Canaday joined a Steelers team that was coming off an AFC Championship game loss the previous season. Despite posting a 13-3 record in the regular season and securing the number two seed in the AFC playoffs, the Steelers lost their first playoff game 45-42 against the Jacksonville Jaguars in the divisional round.

“We had no business losing to those guys,” Canaday said of the Jacksonville loss. “That was a heartbreaker.”

While that Jaguars team had a great defense, the disappointing part of the loss was allowing 45 points to an offense led by Blake Bortles. Leonard Fournette was also unstoppable on the ground, racking up over 100 yards rushing and scoring 3 touchdowns.

The following season was the beginning of the end for the Killer B’s in Pittsburgh. Le’Veon Bell refused to sign the franchise tag and sat out the 2018 season. Antonio Brown was benched for the Steelers’ final game of the season after skipping practice and was traded in the offseason.

Pittsburgh finished with a 9-6-1 record and failed to make the playoffs.

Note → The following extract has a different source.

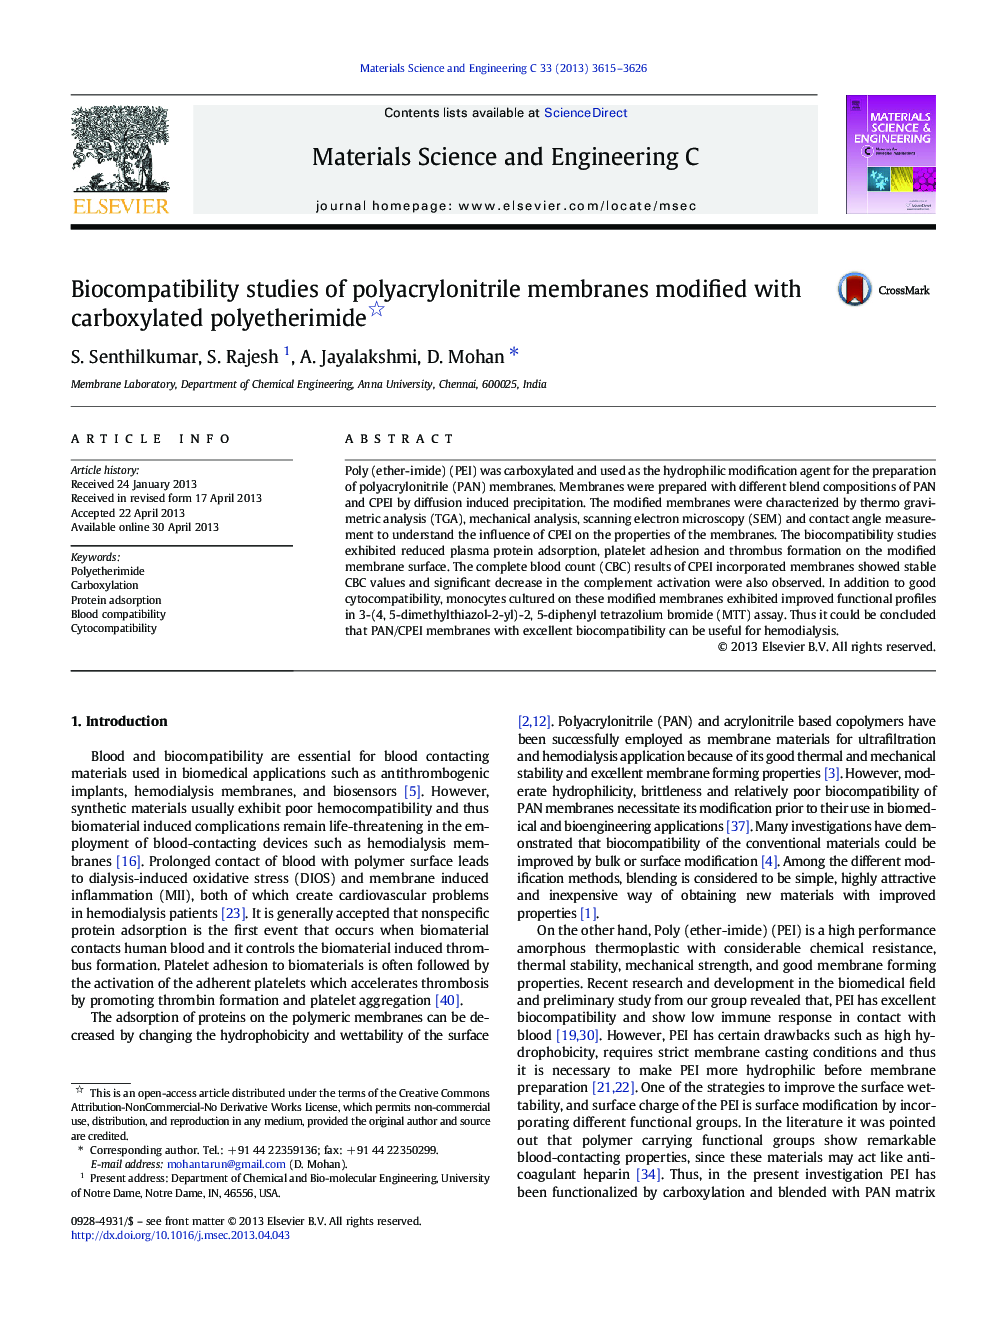 مطالعات بیوسویوپلاستی از غشاهای پلی آکریلونیتریل اصلاح شده با پلی اتریمید کربوکسیل شده است

Canaday would remain the Steelers’ long snapper through the 2020 season. He was part of a consistent special teams trio with Chris Boswell and Jordan Berry until he was released during roster cut down in 2021 after being beaten out by Christian Kuntz. In his four seasons in Pittsburgh, despite being on talented teams and making the playoffs twice, Canaday never won a playoff game.

The Killer B’s era produced highlight after highlight, but never the postseason breakthrough that many expected. For Canaday and others in that locker room, especially as the playoff win drought continues to grow, it remains one of the biggest “what-ifs” in recent Steelers history.